To the British and to the Company, torture was, as the President of Madras, George (3rd Lord) Harris wrote in September 1854, a ‘matter so deeply affecting the honour of the British nation, and so utterly repugnant to its principles of government’, yet it was carried out by agents of the state for years. Elliott said: “In this manner, the 1855 Madras torture revelations were similar to the 2004 Abu Ghraib scandal. This incident exposed US agents acting in ways that were damaging to the image of nation, one that prides itself on liberal democratic values.”

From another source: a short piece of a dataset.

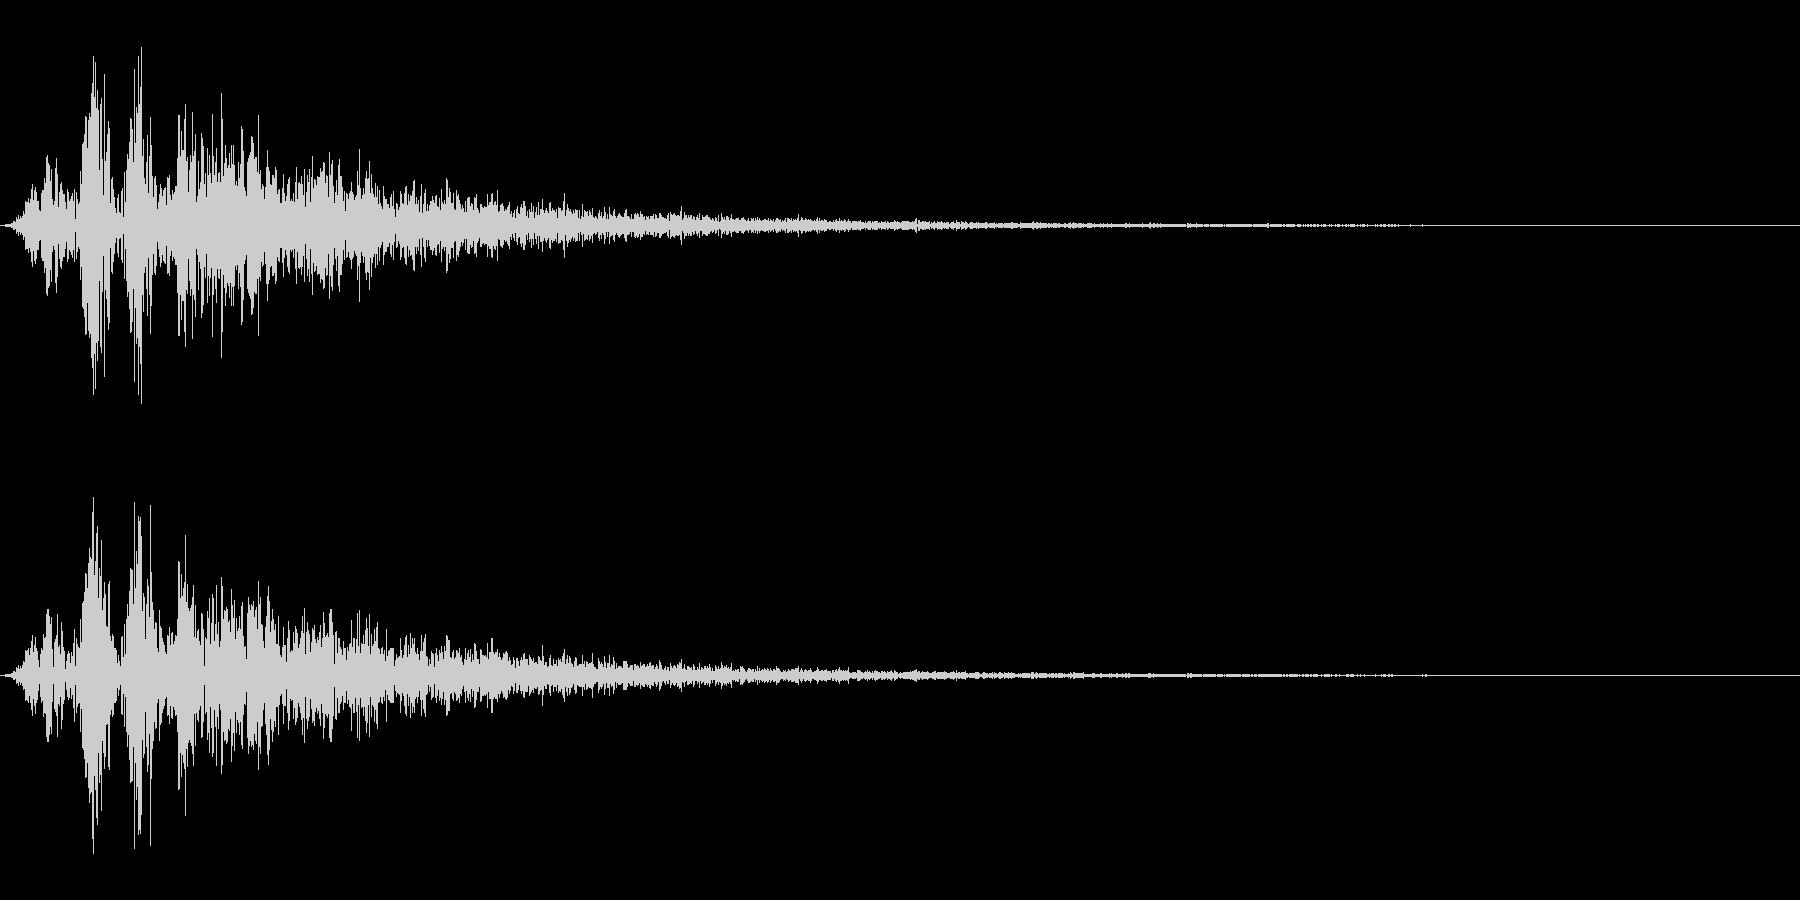 毒魔法/状態異常/バッドステータスの未再生の波形

What interests Elliott is how self-professed ‘good’ states make use of ‘bad’ practices to serve their own ends and, moreover, what specific mechanisms are used to employ, justify, rationalise and evade detection. “The current, almost daily exposure of the use of torture committed by the Assad government in Syria or in Libya under Gaddafi surprises almost no-one; crimes against humanity under such regimes are almost expected to occur,” he said. “Liberal democracies, like Canada and Britain, are also being charged by human rights groups of being complicit in torture by deporting individuals to countries with poor human rights records. The US has gone furthest by legalising enhanced interrogation techniques supposedly to serve the greater good of protecting liberal democratic values and way of life.”

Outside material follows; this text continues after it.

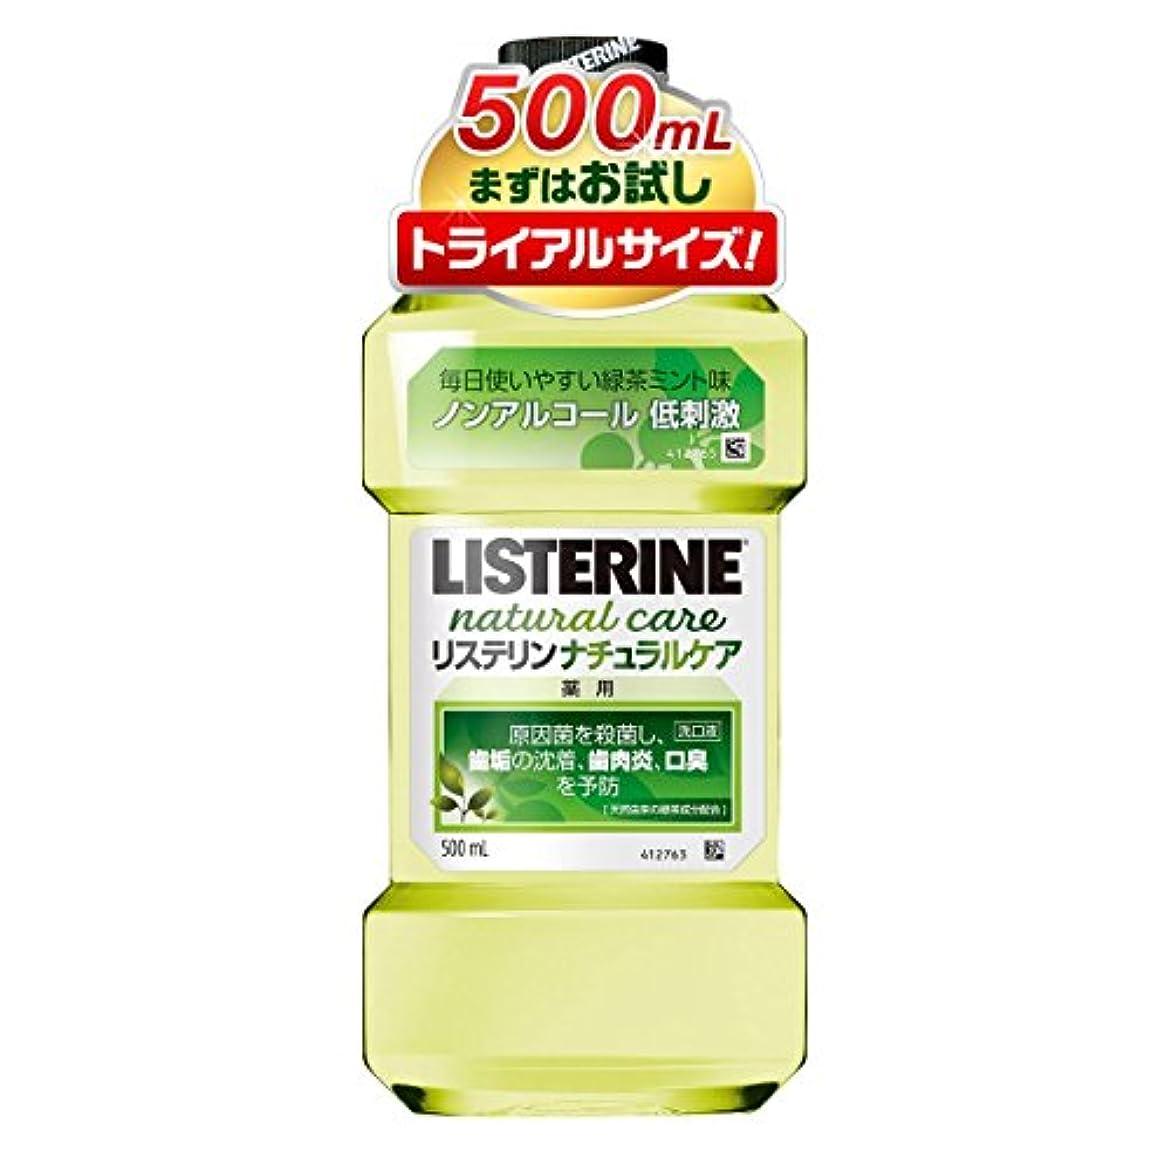 炎上グローバル焦がす[医薬部外品] 薬用 リステリン マウスウォッシュ ナチュラルケア 500mL ノンアルコールタイプ

In 19th-century India, torture was employed to serve the fiscal demands of the state. Committed by low-level Indian agents of the state to serve those ends, tortuous acts were excused by Company officials as ‘native barbarity’ that would naturally diminish as the liberal imperial project brought the fruits of civilisation, modernity and morality to India – another form of the greater good.  Elliott cautioned: “Comparisons between Company India and current states should not be too closely made, but parallels certainly exist concerning the use of and torture among liberal imperial and liberal democratic systems.”

The reason the issue of torture under the East India Company has not yet been fully examined is partly due to the fact that evidence for it is scattered throughout the archival record. Mentions of torture are found across committees and departments, within the Company’s six kilometre-long records. Moreover, the issue needs to be examined in conjunction with other contemporary sources such as archived private papers, family collections and missionary reports and records, newspapers and parliamentary proceedings. A close reading of all these sources is required to grasp the extent to which torture prevailed in India. The Parliamentary Archives, housed in the Victoria Tower of the Palace of Westminster also provide useful, yet under-researched, insights into the way in which the torture allegations were debated and considered by its members at the time, and into the relationship between Whitehall and India under the Company.

“Given the substantial amount of research into torture and ‘enhanced interrogation techniques’ taking place in today’s world, surprisingly little scholarly research has been undertaken to provide any kind of useful comparisons or arguments for continuity or disjuncture in how states and governments have developed in their relation to corporeal . I hope that my research will make a contribution to this understanding,” said Elliott.

Derek Elliott is a PhD candidate in the Faculty of History, and affiliate of the Centre for South Asian Studies, at the University of Cambridge.